A StructuredTool for task decomposition that can be used in agent workflows

Note

If the LLM is not available, the tool will fall back to a simple rule-based decomposition.

set_current_agent(agent_id)

Set the current agent ID for context in tools.

This method establishes the context for which agent is using the tools, which is essential for agent-specific tools like collaboration requests. It also triggers the registration of agent-specific tools if they haven’t been registered yet.

Parameters:

agent_id (str) – The ID of the agent currently using the tools

Return type:

None

Note

This method logs whenever the agent context changes to help with debugging and tracing agent interactions.

get_tools_for_workflow(categories=None, agent_id=None)

Get tools for a specific workflow based on categories.
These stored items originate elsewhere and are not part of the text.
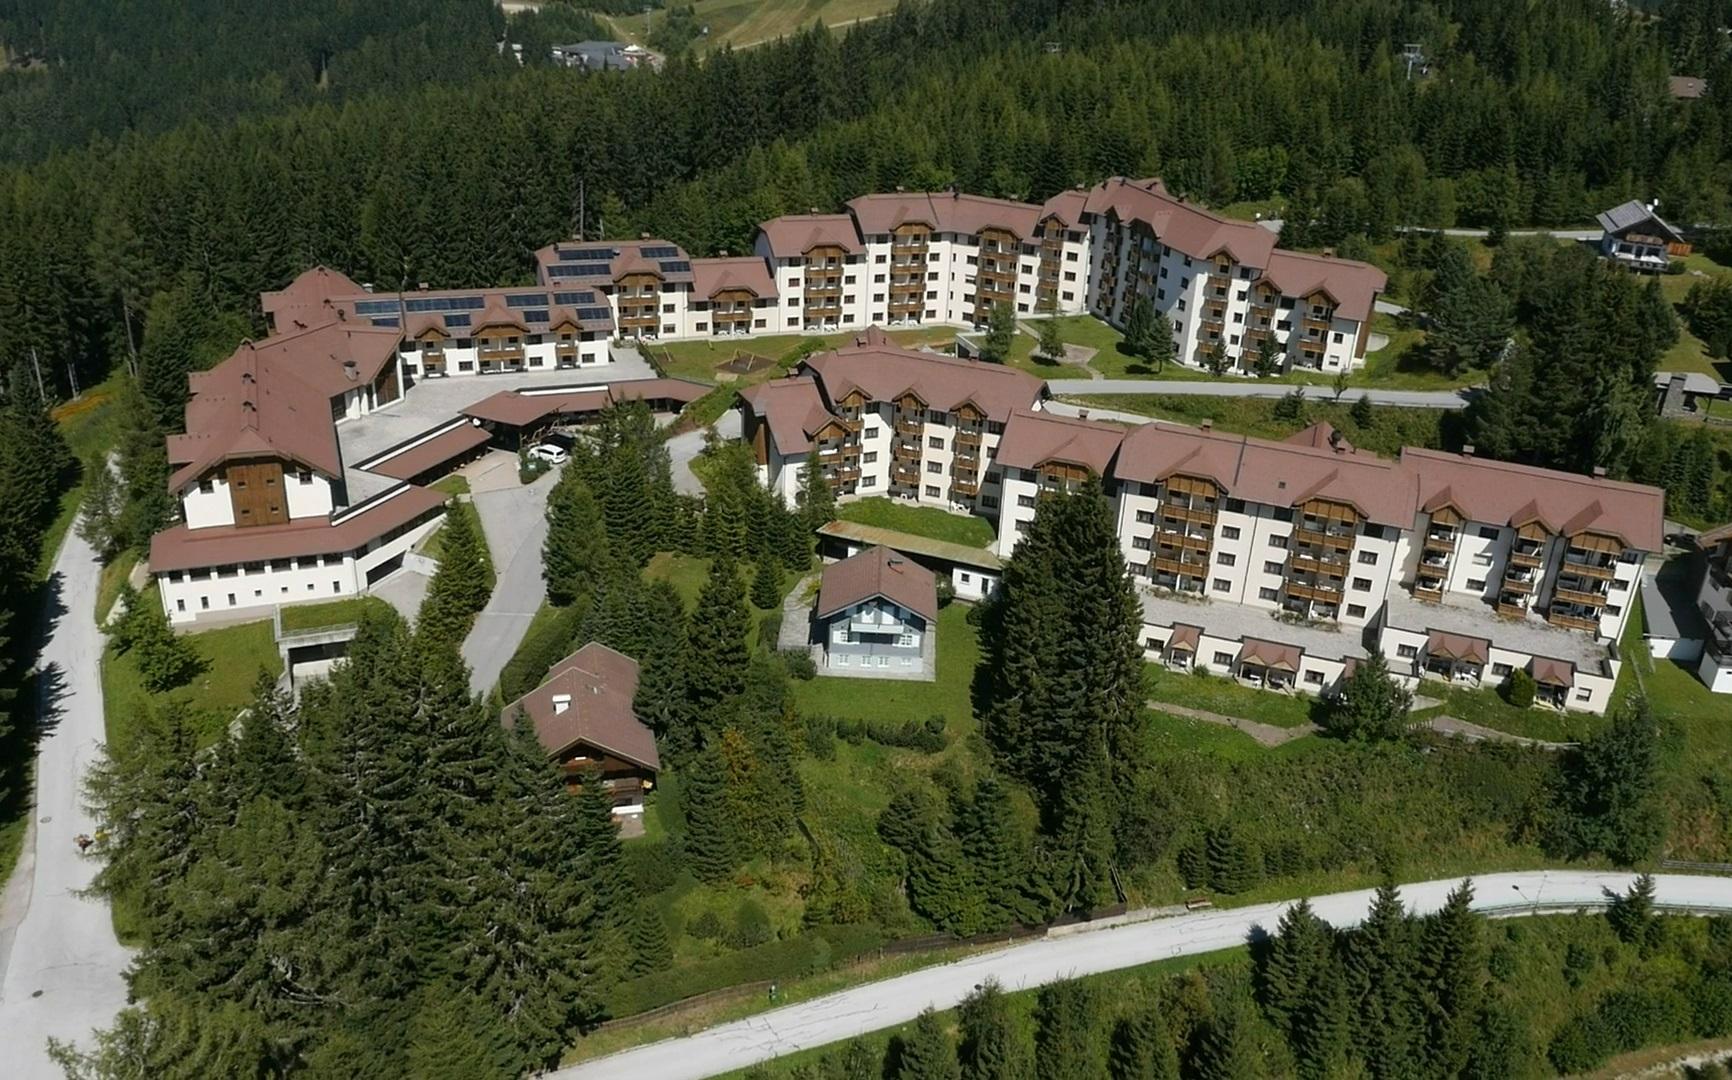 Almresort gerlitzen kanzelh he hotel per bambini in montagna a treffen its4kids - Hotel in montagna con piscina ...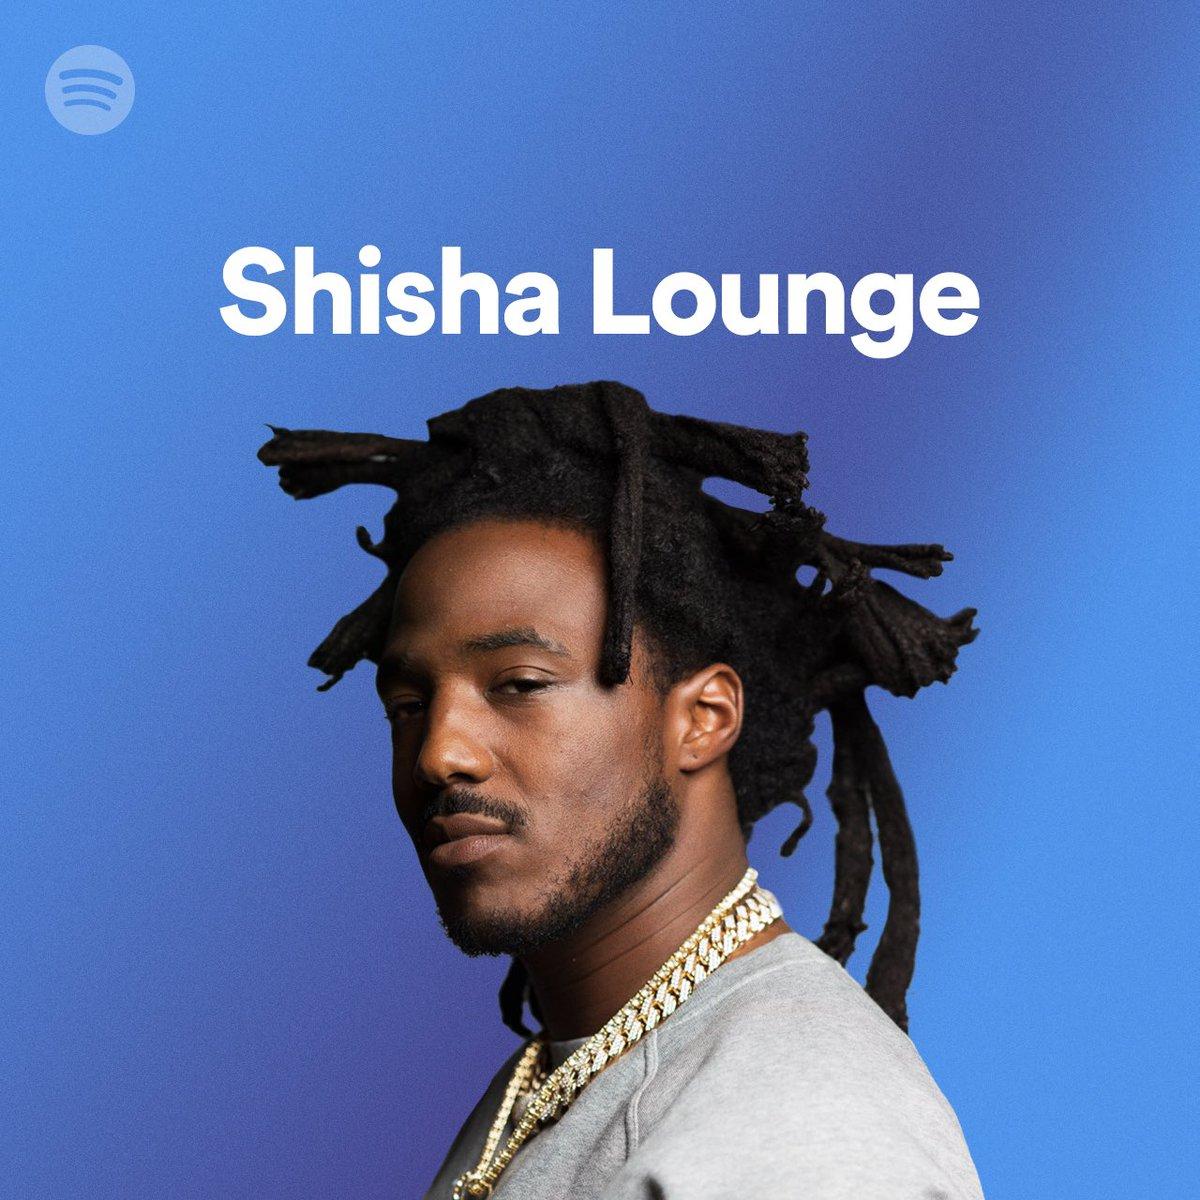 Cover of #ShishaLounge!!!! 🔥🔥🔥🔥🔥 S/O @spotify 🖤 spoti.fi/35yWMuN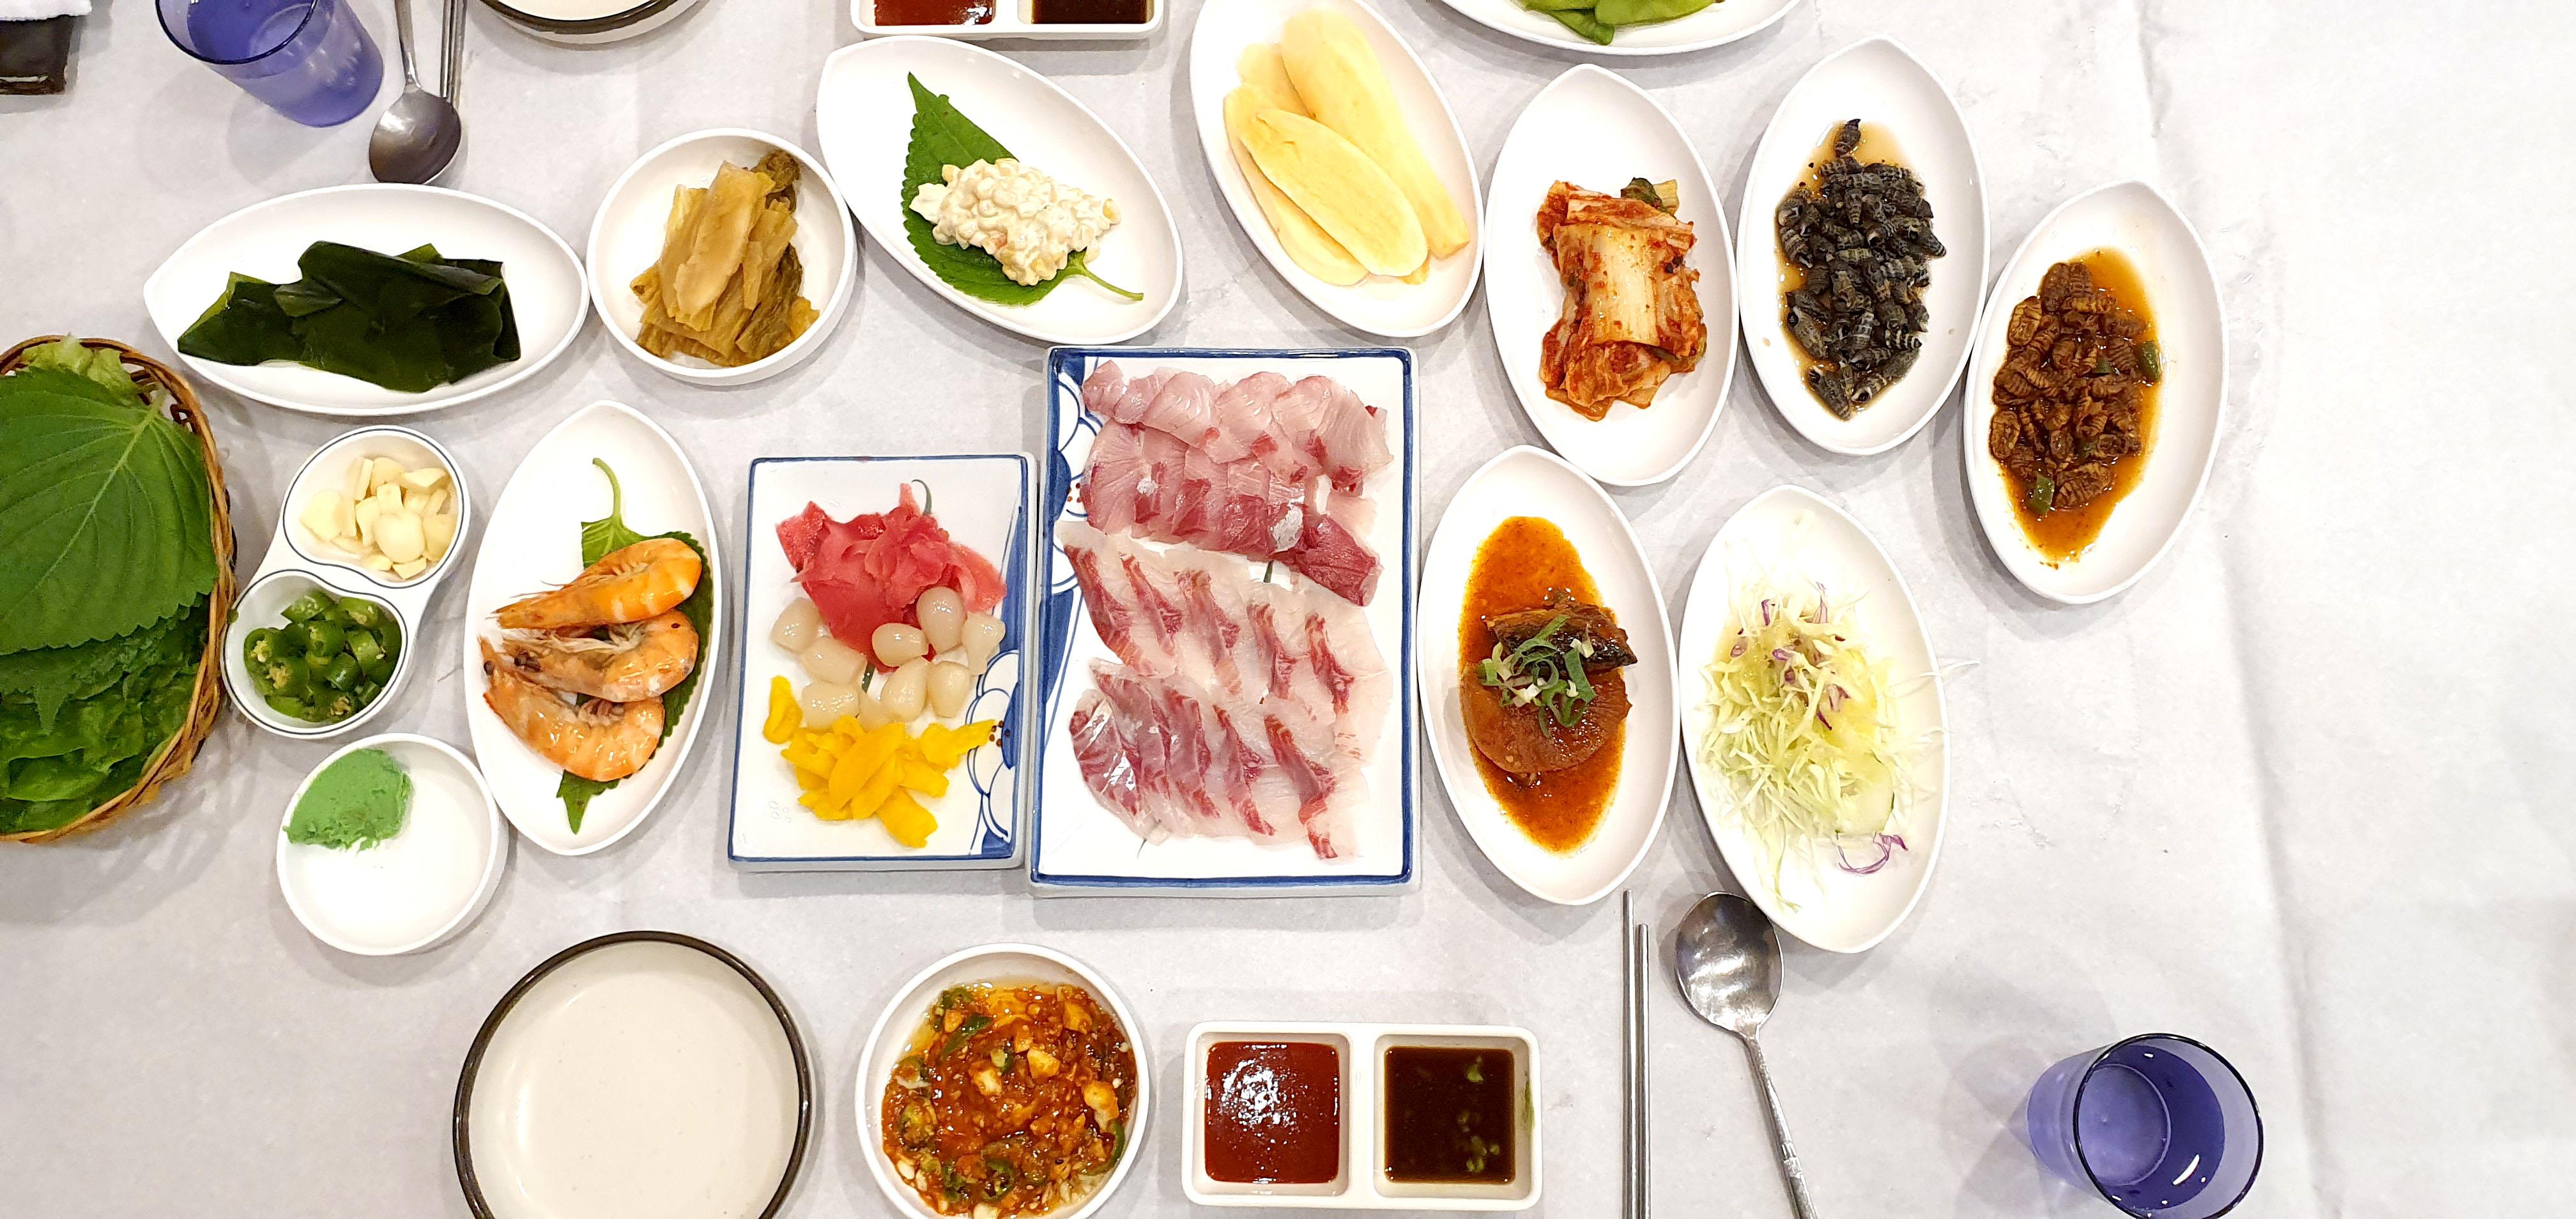 Sewoogo tish sashimi(세우고 횟집)

This method retrieves the appropriate tools for a workflow, optionally filtered by category. It’s used by agent workflows to get the tools they need for specific tasks.

Parameters:
  • categories (Optional[List[str]]) – List of tool categories to include (e.g., ‘collaboration’, ‘task_management’)

  • agent_id (Optional[str]) – ID of the agent that will use these tools (for logging only, doesn’t change context)

Return type:

List[StructuredTool]

Returns:

List of StructuredTool instances configured for the agent

Note

If categories is None, all tools in the registry will be returned. The agent_id parameter is used only for logging and doesn’t change the current agent context.